Following senior resignations at Al-Jazeera Arabic in 2011, seemingly as a result of the network’s inability to offer fair coverage of the Arab Spring, suspicions over Qatar’s intentions continued to mount. These were further exacerbated following the widespread dissemination in 2011 of a leaked US cable, originally dating from 2009, which described the Qatari regime’s apparent manipulation of the network to suit its policy objectives. Referring to several memoranda, the cables claimed that Al-Jazeera was being built up by the Qatari ruling family as a ‘bargaining tool to repair relationships with other countries’, and cited the example of Qatar’s improved relations with Saudi Arabia being based on the network’s ‘toning down of criticism of the Saudi royal family’. Before concluding that Al-Jazeera was ‘proving itself a useful tool for the station’s political masters’, the cable also damningly claimed that the Qatari prime minister[968] had told a prominent US senator[969] that Qatar had proposed a bargain with Hosni Mubarak which involved ‘stopping [Al-Jazeera] broadcasts in Egypt for one year in exchange for a change in Cairo’s position on Israel-Palestinian negotiations’.[970]

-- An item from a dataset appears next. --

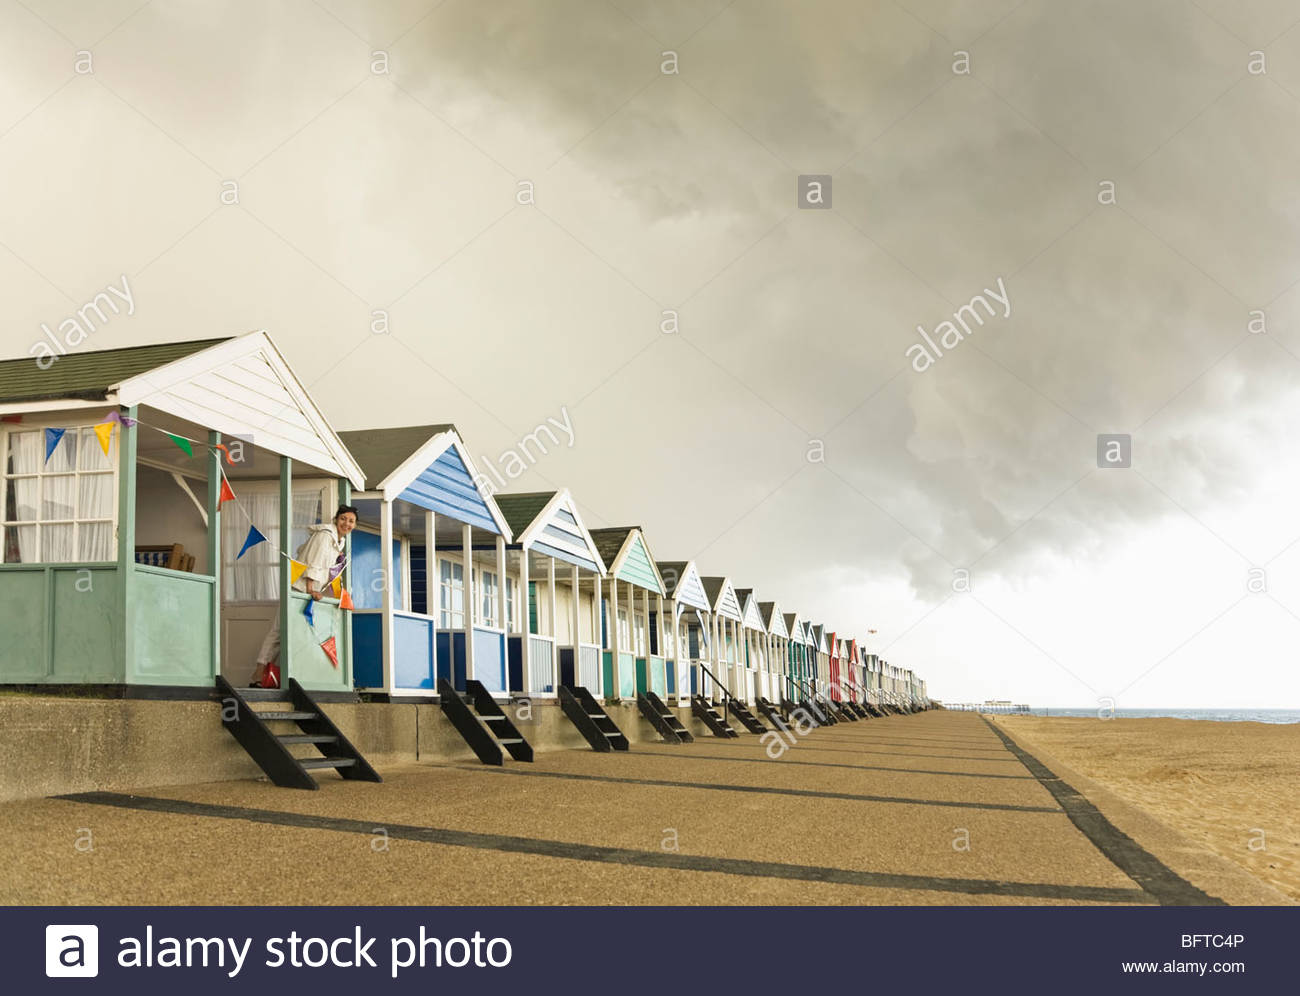 Taking shelter under Beach hut - Stock Image
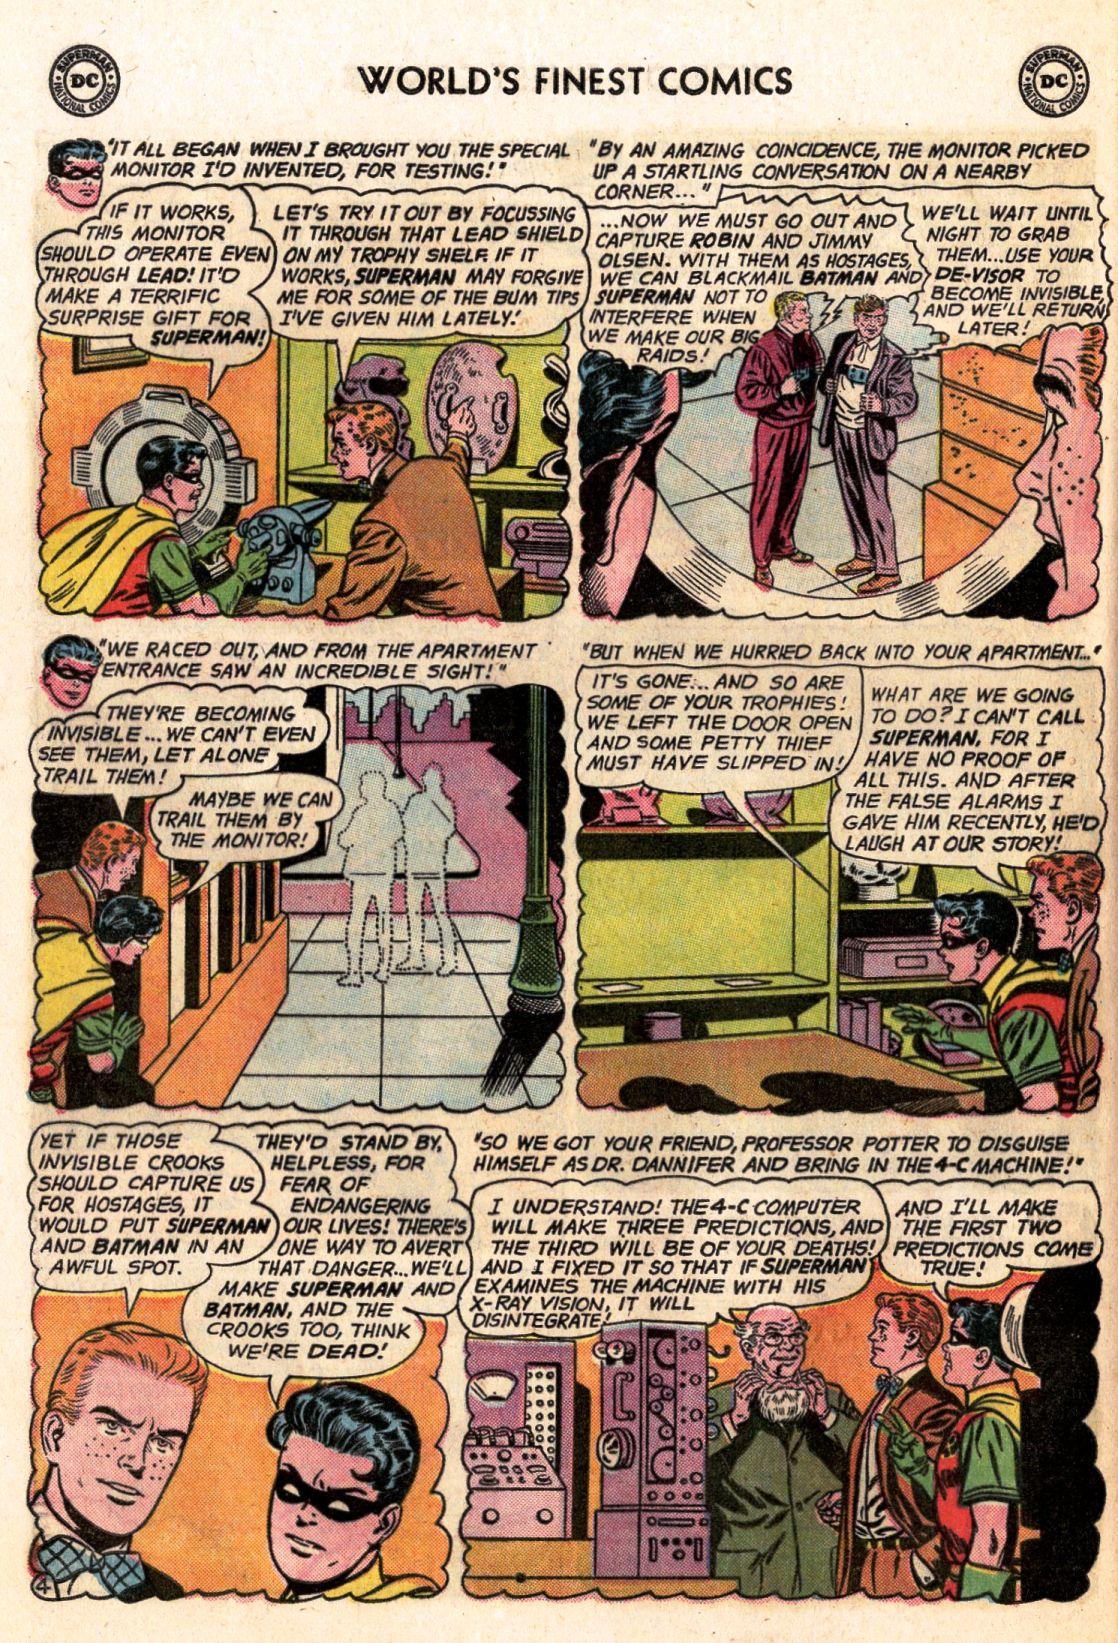 Read online World's Finest Comics comic -  Issue #141 - 16

Meanwhile, on a domestic level there continues to be criticism that the Qatari authorities promote self-censorship of the media, with local newspapers and television stations being unable to cover a number of delicate issues in the emirate. Indeed, further to the difficulties faced by the Doha Centre for Media Freedom, the leaked cable also commented that the US embassy had ‘assessed a steady lack of overall media freedom in Qatar’ and believed that ‘although overt and official censorship is not present, self and discreet official censorship continues to render Qatar’s domestic media tame and ineffective’.[971] There has also been criticism that the Qatari authorities — in much the same way as the other Gulf monarchies — are quite prepared to repress their own citizens, if necessary. In March 2011, for example, Amnesty International reported that a Qatari blogger and human rights activist[972]—the founder of an organisation that monitors cases of arbitrary detention in the emirate — was himself seized. He was reportedly arrested by eight members of Qatar’s security services and his home, car, and computer were searched without warrant.[973]
CONCLUSION
The state formation processes of the smaller Gulf monarchies, and in particular their historic relationships with Britain and other foreign powers, are crucial to understanding the political institutions that developed — especially those that fit with the neo-patriarchy and liberalised autocracy arguments. Equally, in Saudi Arabia knowledge of the state that formed around the long-running alliance between the ruling family and the religious establishment remains central to any contemporary analysis. Important too have been the various components of the ruling bargains or social contracts that have been constructed by these polities. As per the rentier state model, the distribution of wealth along with the creation of a national identity and the formation of an indigenous rentier elite class that sits above all expatriates have been paramount. But other, non-economic legitimacy resources also clearly matter. As expected by revised modernisation theory approaches, Michael Hudson’s mosaic model, and observers of these regimes’ re-orientalisation strategies, these bargains have included cults of personality, the co-option of religion, tribal heritage, and other traditional sources of power and authority.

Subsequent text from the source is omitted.